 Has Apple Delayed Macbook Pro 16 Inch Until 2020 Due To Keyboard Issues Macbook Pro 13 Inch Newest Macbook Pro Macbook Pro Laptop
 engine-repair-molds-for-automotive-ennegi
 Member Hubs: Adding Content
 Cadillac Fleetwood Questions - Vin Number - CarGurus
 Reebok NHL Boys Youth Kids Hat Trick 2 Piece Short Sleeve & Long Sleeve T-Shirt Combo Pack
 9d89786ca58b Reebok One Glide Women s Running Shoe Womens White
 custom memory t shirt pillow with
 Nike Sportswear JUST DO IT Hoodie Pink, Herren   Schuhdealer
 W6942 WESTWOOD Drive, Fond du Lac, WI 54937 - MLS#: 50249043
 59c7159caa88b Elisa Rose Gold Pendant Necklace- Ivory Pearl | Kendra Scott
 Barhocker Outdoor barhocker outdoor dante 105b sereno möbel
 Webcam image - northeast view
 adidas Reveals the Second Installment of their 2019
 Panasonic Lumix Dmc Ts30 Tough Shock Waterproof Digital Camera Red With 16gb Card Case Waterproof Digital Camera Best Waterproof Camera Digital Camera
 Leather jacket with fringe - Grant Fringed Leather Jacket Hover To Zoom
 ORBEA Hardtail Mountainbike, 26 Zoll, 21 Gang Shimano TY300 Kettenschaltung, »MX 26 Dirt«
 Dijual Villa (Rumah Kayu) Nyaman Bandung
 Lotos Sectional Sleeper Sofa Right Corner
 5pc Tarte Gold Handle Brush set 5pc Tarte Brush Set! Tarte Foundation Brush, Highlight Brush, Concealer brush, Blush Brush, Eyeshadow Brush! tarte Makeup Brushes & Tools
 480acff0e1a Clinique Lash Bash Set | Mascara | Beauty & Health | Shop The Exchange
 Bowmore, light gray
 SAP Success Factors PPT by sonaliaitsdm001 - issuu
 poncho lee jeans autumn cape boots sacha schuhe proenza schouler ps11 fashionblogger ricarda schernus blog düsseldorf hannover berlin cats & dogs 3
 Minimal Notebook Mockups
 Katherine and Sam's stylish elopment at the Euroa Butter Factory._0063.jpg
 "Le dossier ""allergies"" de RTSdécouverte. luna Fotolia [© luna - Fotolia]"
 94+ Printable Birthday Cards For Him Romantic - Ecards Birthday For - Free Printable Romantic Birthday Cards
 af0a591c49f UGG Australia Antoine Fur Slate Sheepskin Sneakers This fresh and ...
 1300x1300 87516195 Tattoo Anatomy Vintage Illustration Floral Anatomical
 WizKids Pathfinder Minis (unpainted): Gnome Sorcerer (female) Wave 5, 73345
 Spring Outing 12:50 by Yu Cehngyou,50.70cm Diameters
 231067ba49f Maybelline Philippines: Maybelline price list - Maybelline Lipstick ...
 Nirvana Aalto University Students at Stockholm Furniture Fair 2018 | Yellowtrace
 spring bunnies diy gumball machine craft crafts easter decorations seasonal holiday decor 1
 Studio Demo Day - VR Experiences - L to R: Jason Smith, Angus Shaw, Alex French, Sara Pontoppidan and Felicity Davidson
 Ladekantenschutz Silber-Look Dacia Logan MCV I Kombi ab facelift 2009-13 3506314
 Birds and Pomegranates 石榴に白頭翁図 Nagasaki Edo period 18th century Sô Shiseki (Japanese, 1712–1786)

────

Copy exactly the lines above, from the one containing "480acff0e1a Clinique Lash" through the very last line.

» **Solution**:
 480acff0e1a Clinique Lash Bash Set | Mascara | Beauty & Health | Shop The Exchange
 Bowmore, light gray
 SAP Success Factors PPT by sonaliaitsdm001 - issuu
 poncho lee jeans autumn cape boots sacha schuhe proenza schouler ps11 fashionblogger ricarda schernus blog düsseldorf hannover berlin cats & dogs 3
 Minimal Notebook Mockups
 Katherine and Sam's stylish elopment at the Euroa Butter Factory._0063.jpg
 "Le dossier ""allergies"" de RTSdécouverte. luna Fotolia [© luna - Fotolia]"
 94+ Printable Birthday Cards For Him Romantic - Ecards Birthday For - Free Printable Romantic Birthday Cards
 af0a591c49f UGG Australia Antoine Fur Slate Sheepskin Sneakers This fresh and ...
 1300x1300 87516195 Tattoo Anatomy Vintage Illustration Floral Anatomical
 WizKids Pathfinder Minis (unpainted): Gnome Sorcerer (female) Wave 5, 73345
 Spring Outing 12:50 by Yu Cehngyou,50.70cm Diameters
 231067ba49f Maybelline Philippines: Maybelline price list - Maybelline Lipstick ...
 Nirvana Aalto University Students at Stockholm Furniture Fair 2018 | Yellowtrace
 spring bunnies diy gumball machine craft crafts easter decorations seasonal holiday decor 1
 Studio Demo Day - VR Experiences - L to R: Jason Smith, Angus Shaw, Alex French, Sara Pontoppidan and Felicity Davidson
 Ladekantenschutz Silber-Look Dacia Logan MCV I Kombi ab facelift 2009-13 3506314
 Birds and Pomegranates 石榴に白頭翁図 Nagasaki Edo period 18th century Sô Shiseki (Japanese, 1712–1786)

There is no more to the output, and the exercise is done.